I imagine sometimes that Jesus comes here on a Sunday morning but stands outside, knowing he cannot enter as long as others are told that after walking through the doors, they may not sit in every seat among us. I imagine that Jesus waits outside, just past our brick arches. He greets those who are fully welcome as they walk inside, and he stands outside with those who arent. It is a very clear, simple step to say that we will exclude gays and lesbians no longer. We too will stand outside as long as they must. How else can we consider ourselves human beings or Friends? If we cannot take this step of solidarity, I propose that we make a change to our meetinghouse, a change that requires only the services of a plumber: Let us have two drinking fountains installed in the vestry. Let us place a sign over each of them.

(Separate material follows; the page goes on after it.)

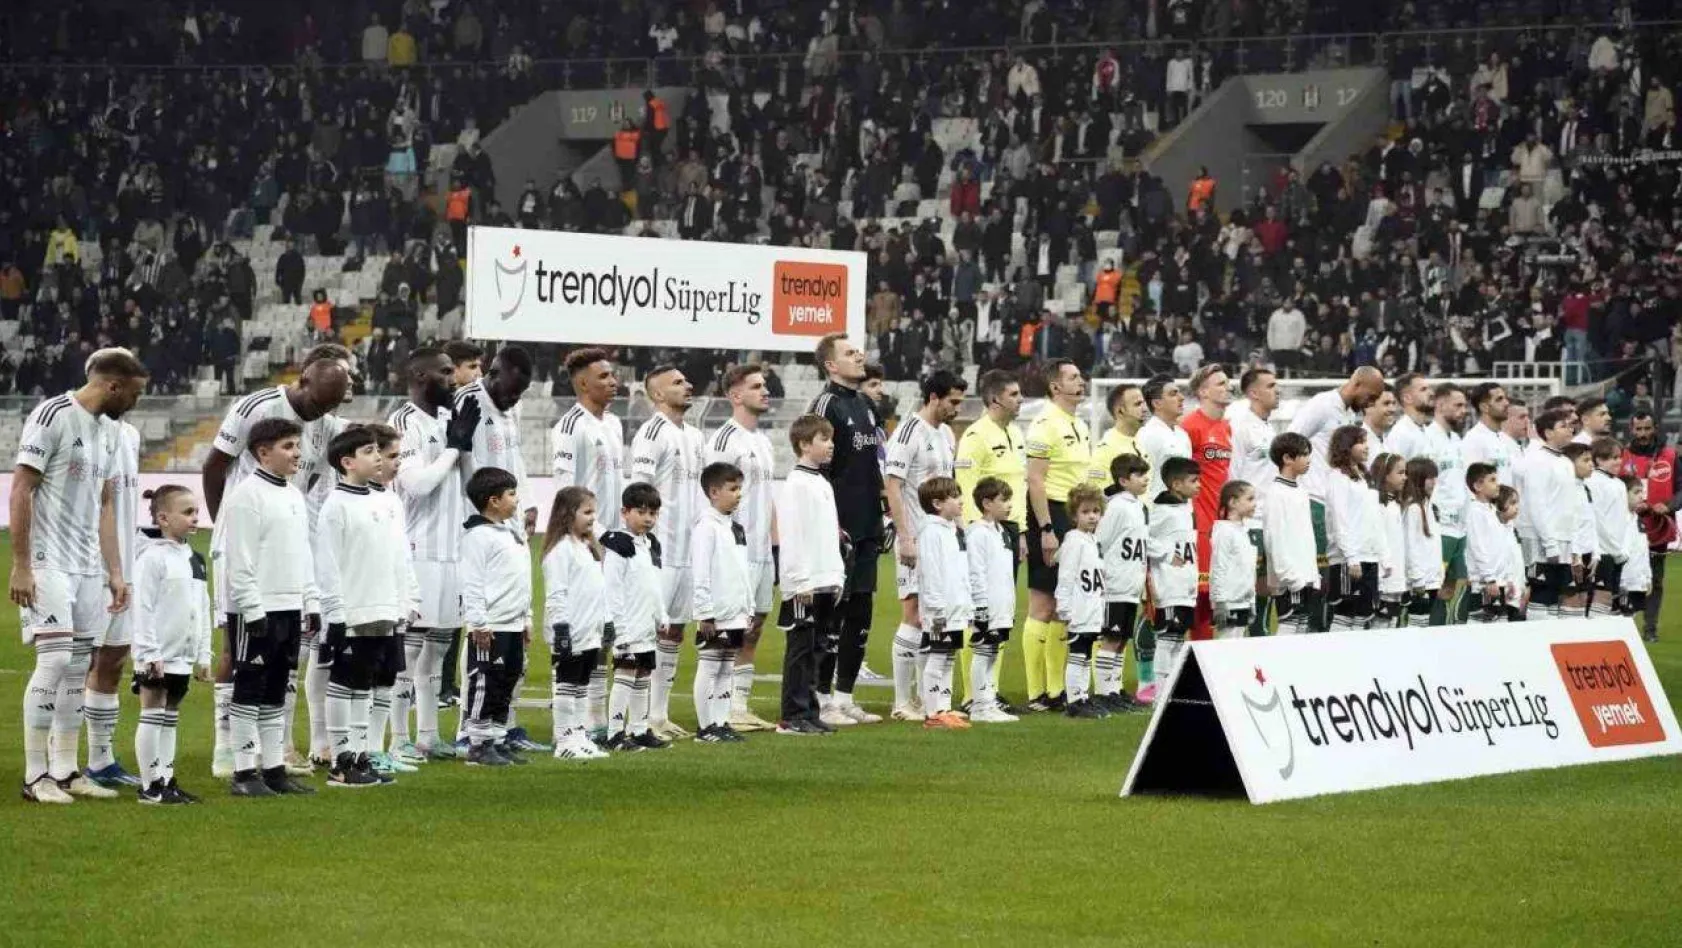 Trendyol Süper Lig: Beşiktaş: 0 - Konyaspor: 0 (Maç devam ediyor)

Over the right-hand drinking fountain the sign may read, For genuine Quakers and our friends, pure as the driven snow, unsullied by a tendency to fall in love with people the same gender as ourselves, worthy of entering fully into each corner of our fellowship from this monthly meeting to positions of service in our larger associations. Drink here, O blessed ones. The sign over the left-hand drinking fountain may read, For the rainbow of others, neither real Quakers nor really our friends, not so pure as the driven snow, stained by the tendency to fall in love or partner with people the same gender as yourselves, welcome to sit in meetings for worship as if you

were genuine Quakers but unworthy, as sullied persons, of holding positions of service in our larger associations. Drink here, you strangers. Drink to your hearts content. This proposal cannot be taken literally, of course. So many words will not fit very well on a sign. Rather, over the right-hand drinking fountain, for those whose light is unrefracted, whose inner being remains pure and white as the driven snow, let the sign simply read, Whites only. Over the fountain for people whose light has scattered into a rainbow of colors, so that they are neither so pure nor so white as the driven snow, let the sign read, Colored only. With the placement of these drinking fountains, we will acknowledge the divided state of the welcome we offer. We will join those of our Quaker forebears who once declared those Friends divisive and unquakerly who said other Friends should stop buying, selling, and enslaving human beings. We will join those old Quakers from the days before Friends finally declared as one that enslaving other human beings is incompatible with the Light and impermissible, unimaginable, for Friends themselves. Durham Friends, I am happy to say, are different from those old enslavers. I started attending Durham Friends regularly during a difficult chapter of life. People simply, gloriously welcomed me and took me just the way I was. Just the way I was. At moments on Sundays I felt like a human being. That is Durham Friends. I dont

want to forget. So it is as a Durham Friend that nowadays on Sundays, in my mind, I wait outside the meetinghouse, being a Durham Friend for those who cannot go all the way in. Out there I am trying, in my way, to stand in for Jesus and be a Durham Friend. Mark Greenleaf Schlotterbeck claims Durham (Maine) Meeting as his community of meaning and spirituality. He values and misses its people, music, worship, humor and perspective on life. He presented the above words at a Durham gathering that focused on matters of inclusion. Mark composes music and lyrics for choral works rooted in spirituality, justice and whimsy. He teaches English language to immigrants in Lewiston, Maine.